Deciphering the nonlocal entanglement entropy of fracton topological orders
Bowen Shi, Yuan-Ming Lu
TL;DR
The paper addresses how to quantify nonlocal entanglement in fracton topological orders by introducing $S_{nonlocal}$ as a conditional mutual information based diagnostic. It develops a powerful lower bound under Abelian stabilizer assumptions by exploiting condensate and deformable operator structures and shows how the bound saturates for conventional topological orders while becoming geometry dependent for fracton phases. Applying the bound to the 2D and 3D toric codes, the X-Cube model, and fractal spin liquids, the authors demonstrate saturation in conventional orders and extensive, geometry-sensitive $S_{nonlocal}$ in fracton models. The results provide a practical tool to distinguish fracton orders, illuminate the role of nonlocal condensates, and discuss robustness under local perturbations, with implications for broader understanding of entanglement in exotic quantum phases.
Abstract
The ground states of topological orders condense extended objects and support topological excitations.
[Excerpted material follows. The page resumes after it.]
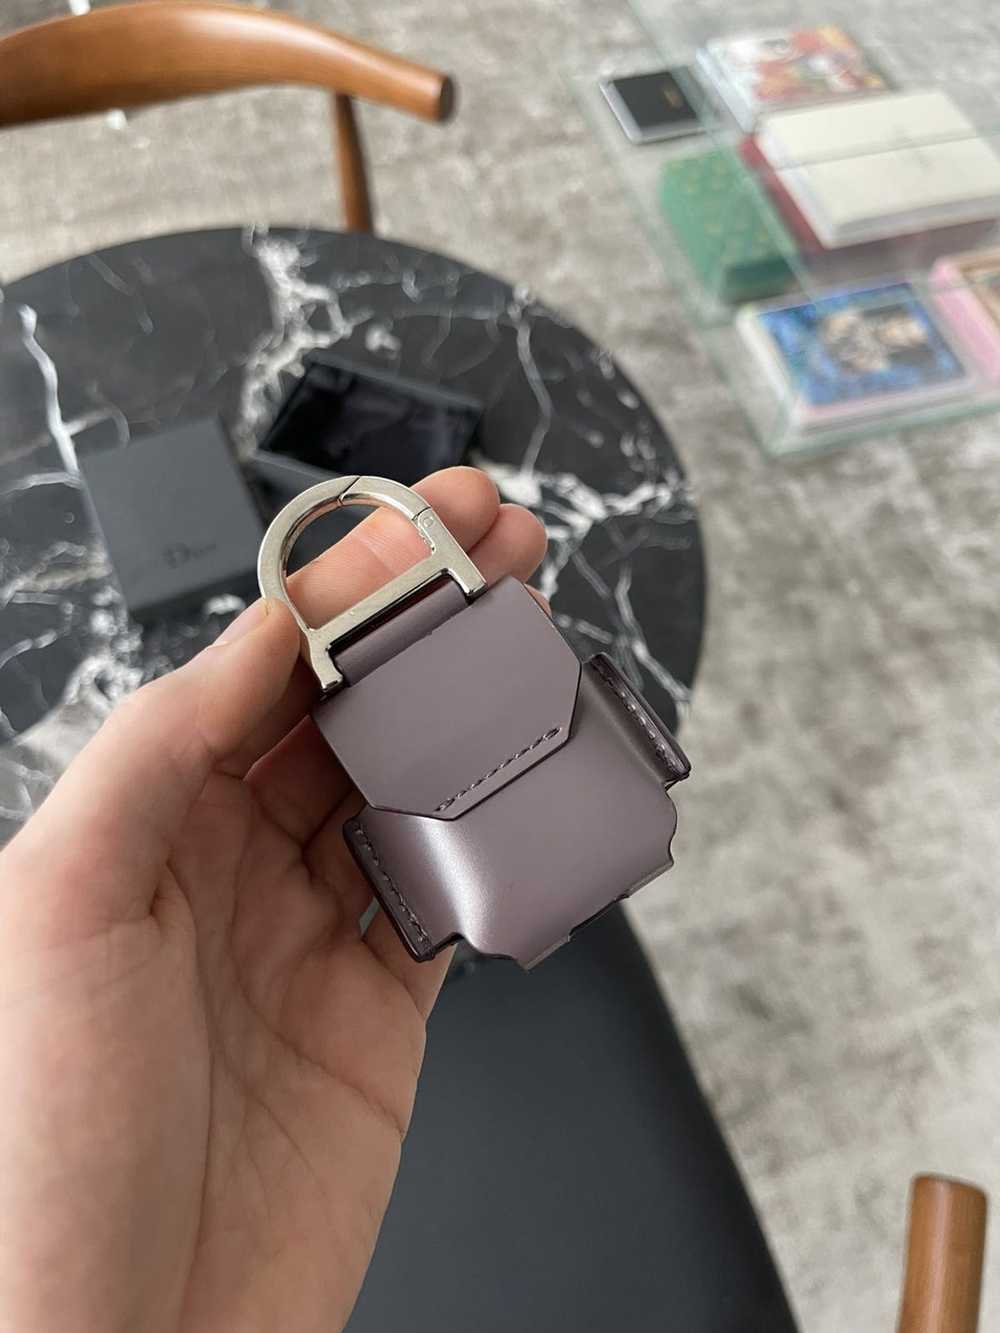 Dior Airpods Pro Case - Airpods 1/2 And 3th Gen - HypedEffect

This nontrivial property leads to nonzero topological entanglement entropy $S_{topo}$ for conventional topological orders. Fracton topological order is an exotic class of models which is beyond the description of TQFT. With some assumptions about the condensates and the topological excitations, we derive a lower bound of the nonlocal entanglement entropy $S_{nonlocal}$ (a generalization of $S_{topo}$). The lower bound applies to Abelian stabilizer models including conventional topological orders as well as type \Rom{1} and type \Rom{2} fracton models, and it could be used to distinguish them. For fracton models, the lower bound shows that $S_{nonlocal}$ could obtain geometry-dependent values, and $S_{nonlocal}$ is extensive for certain choices of subsystems, including some choices which always give zero for TQFT. The stability of the lower bound under local perturbations is discussed.